___ THE DATA

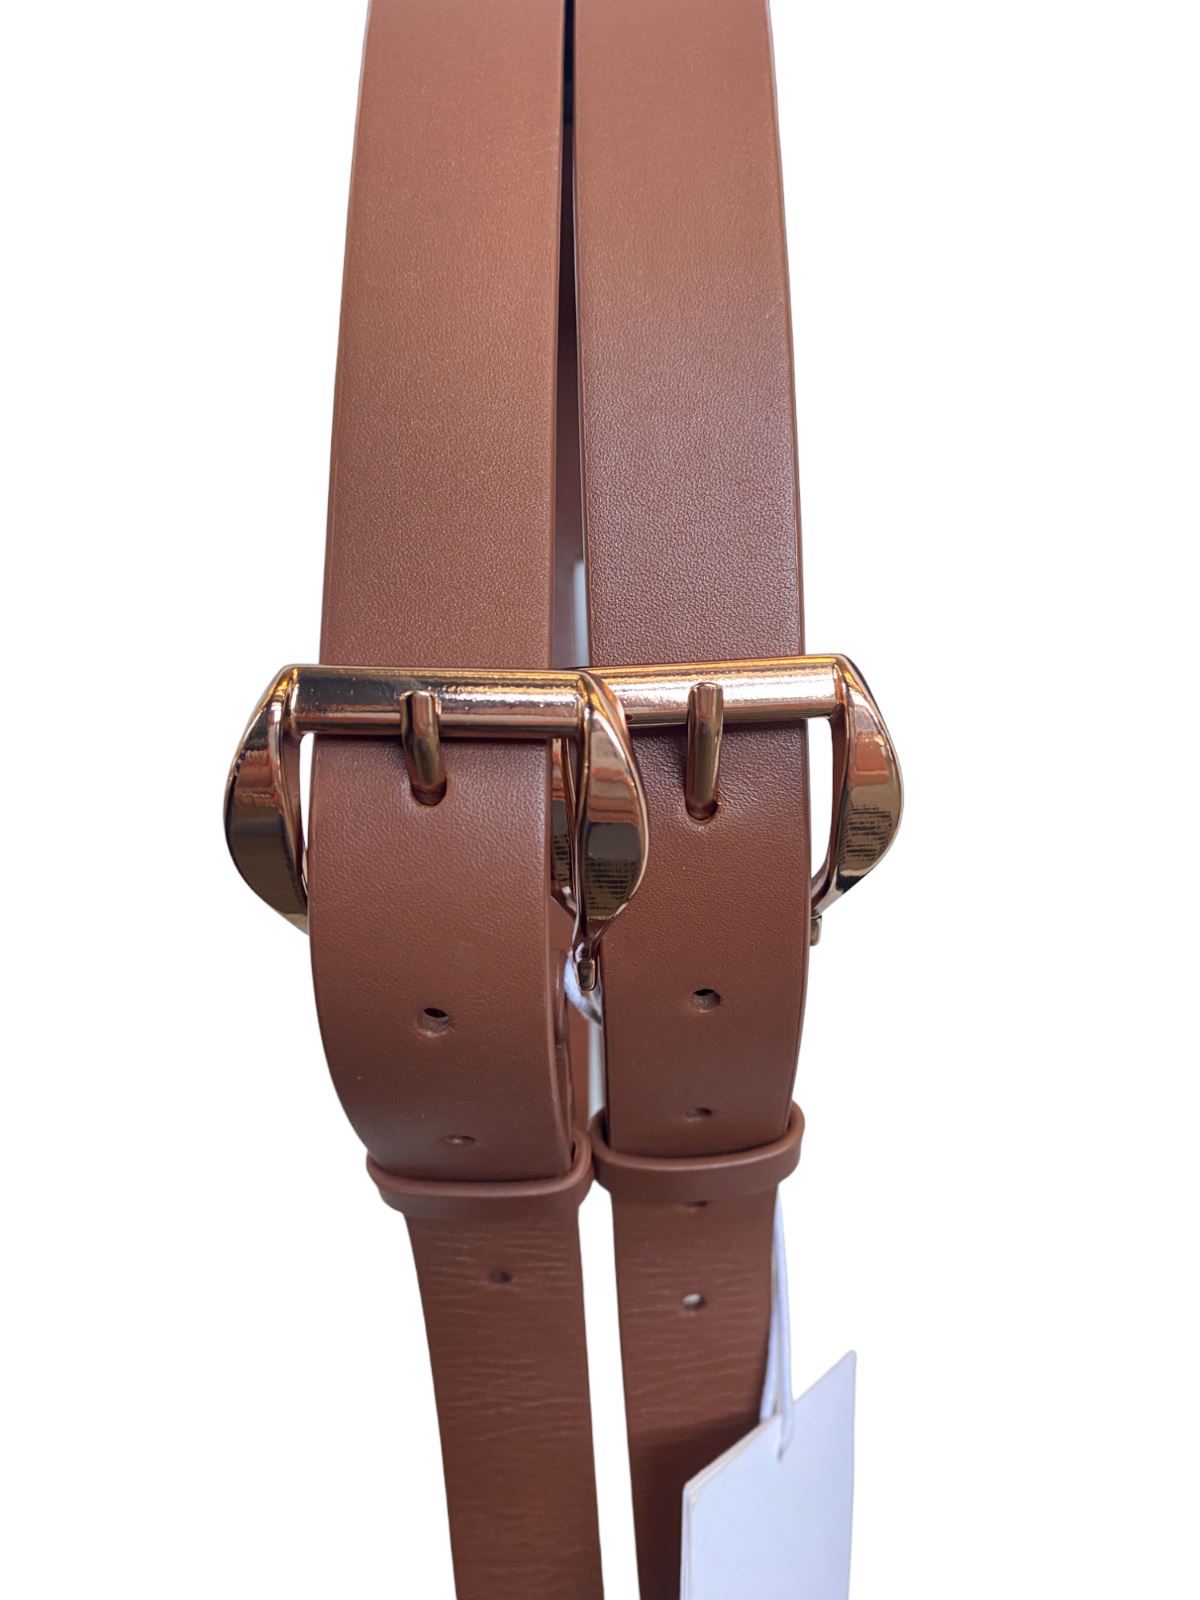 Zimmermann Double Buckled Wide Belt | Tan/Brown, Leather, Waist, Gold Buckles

______
___ THE DATA

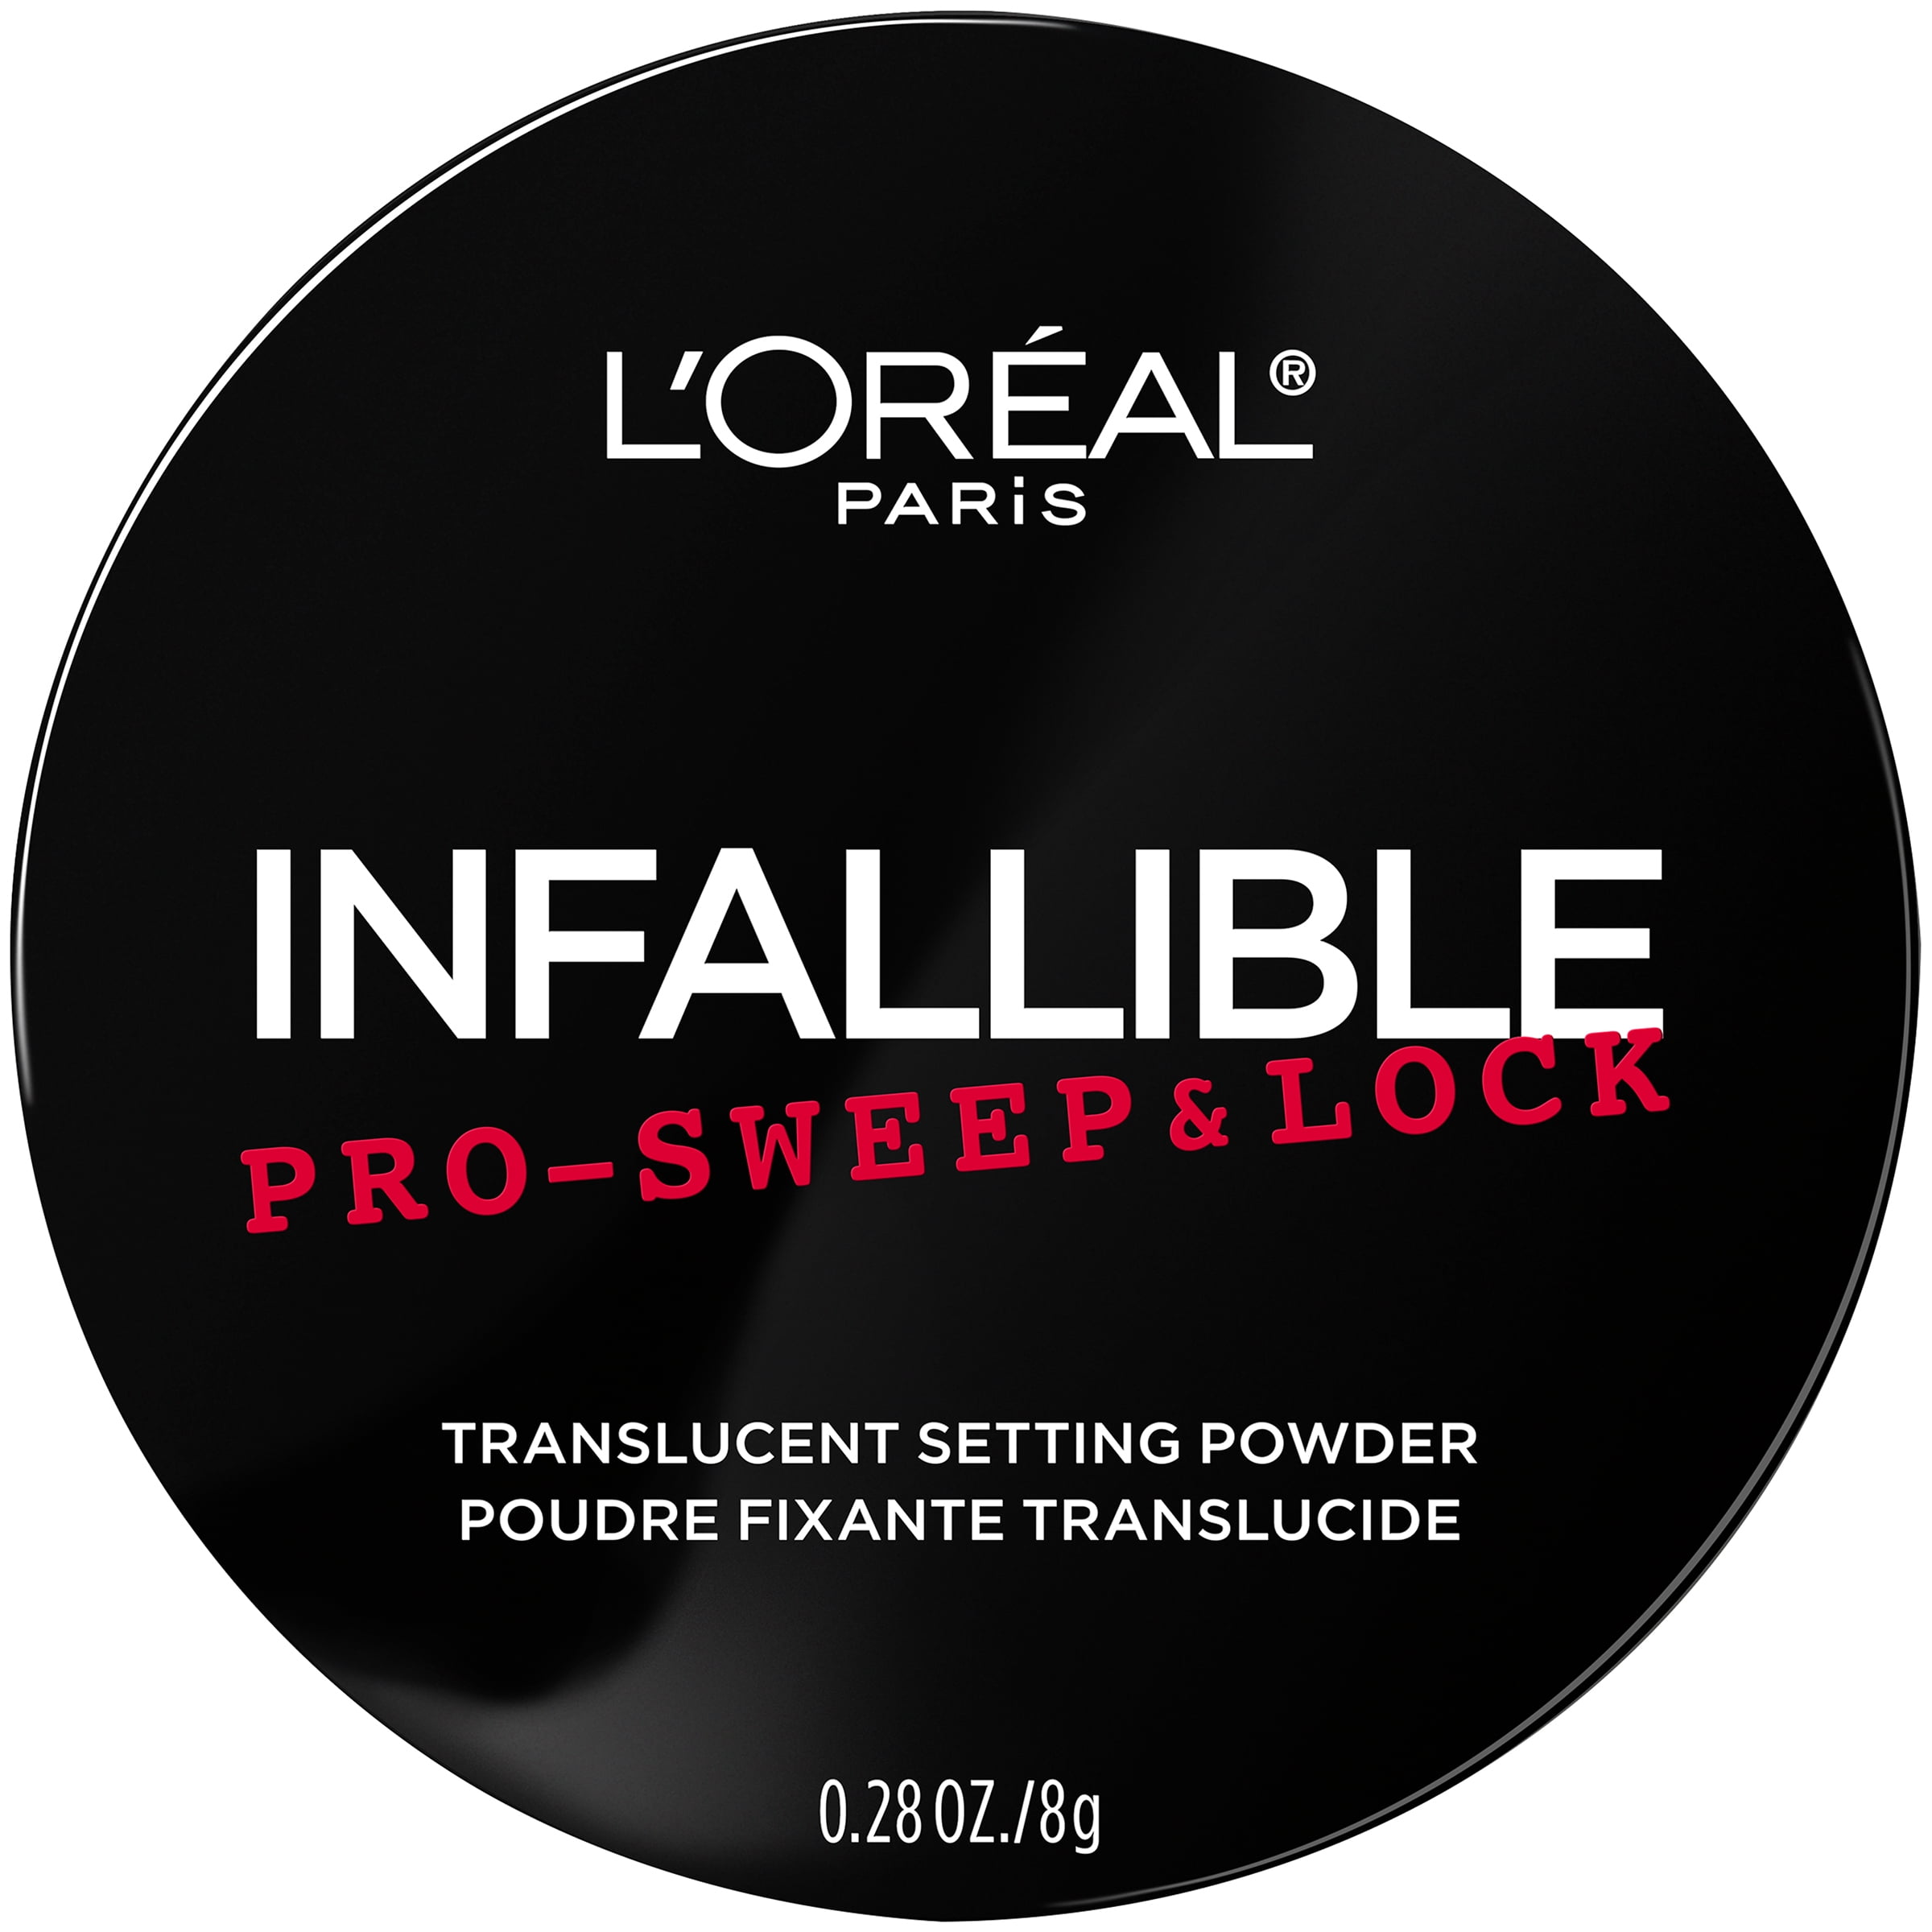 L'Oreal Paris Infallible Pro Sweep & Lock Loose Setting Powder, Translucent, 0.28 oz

______
___ THE DATA

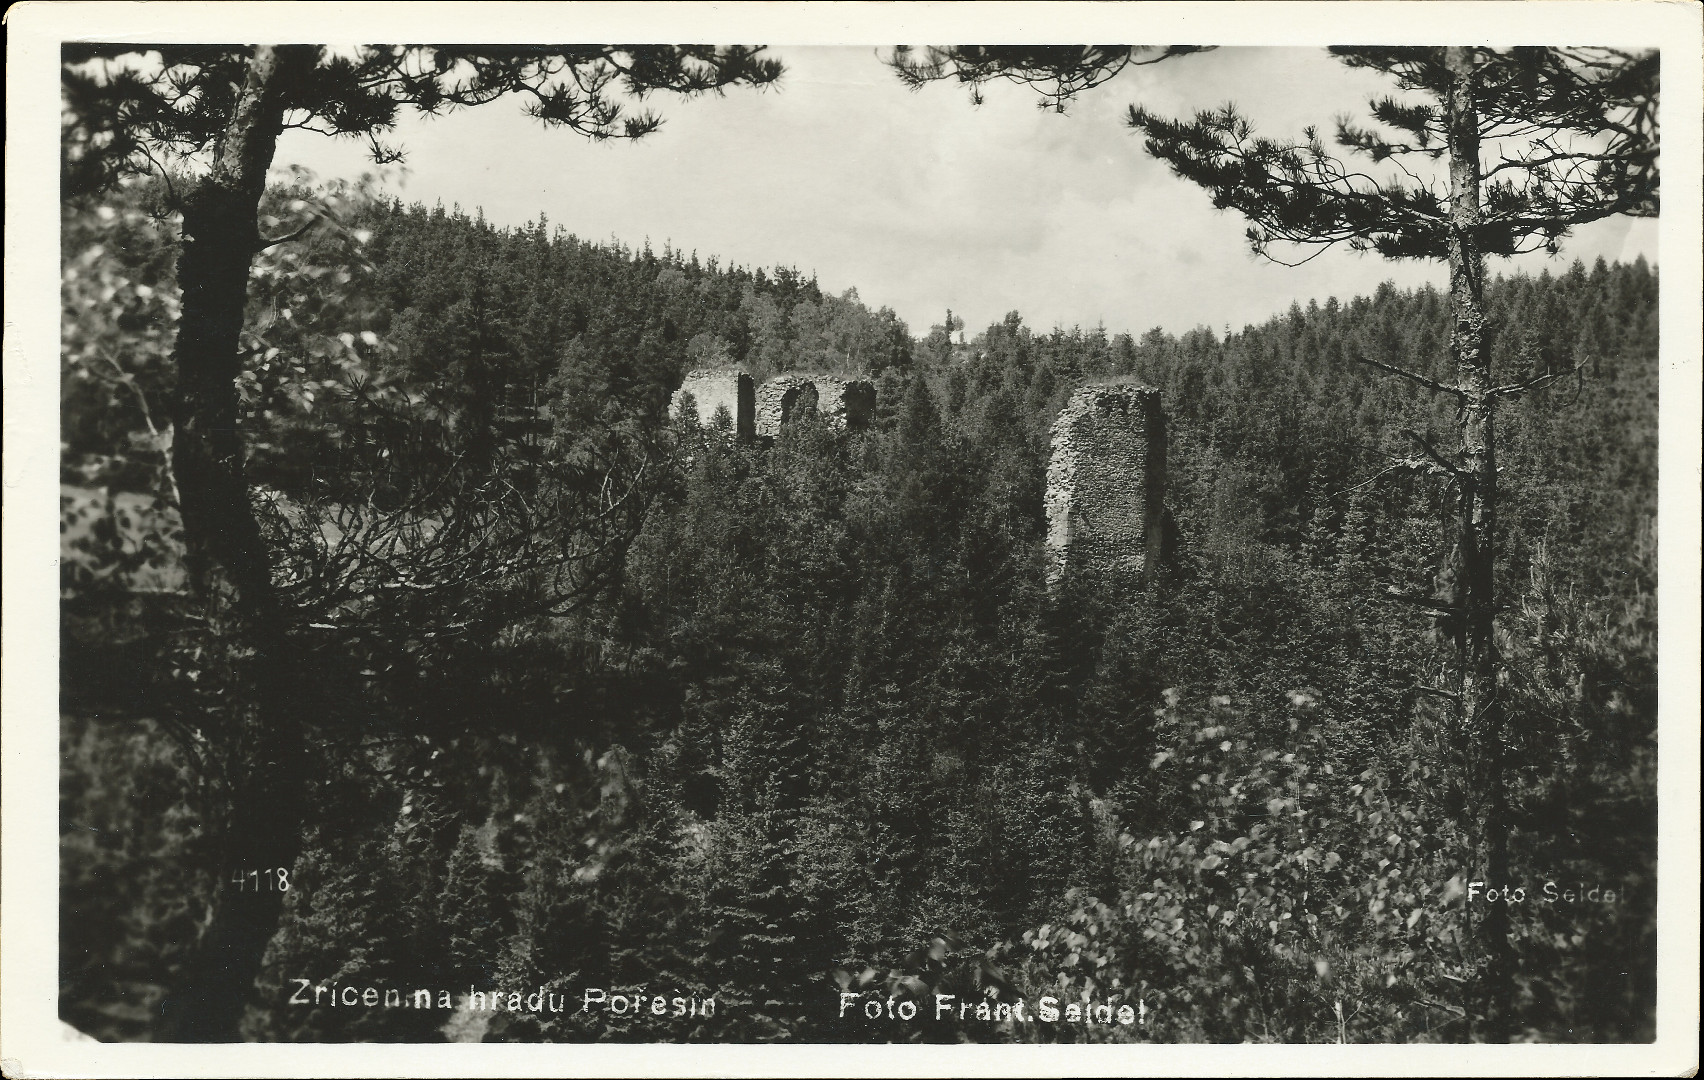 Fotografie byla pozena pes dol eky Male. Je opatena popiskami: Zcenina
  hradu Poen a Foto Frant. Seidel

______

### EXERCISE DESCRIPTION
Set down word for word the lines above from the one with "Fotografie byla pozena" up to and including the one with "hradu Poen a Foto Frant. Seidel". Omit every picture.

### TASK RESULT
 Fotografie byla pozena pes dol eky Male. Je opatena popiskami: Zcenina
  hradu Poen a Foto Frant. Seidel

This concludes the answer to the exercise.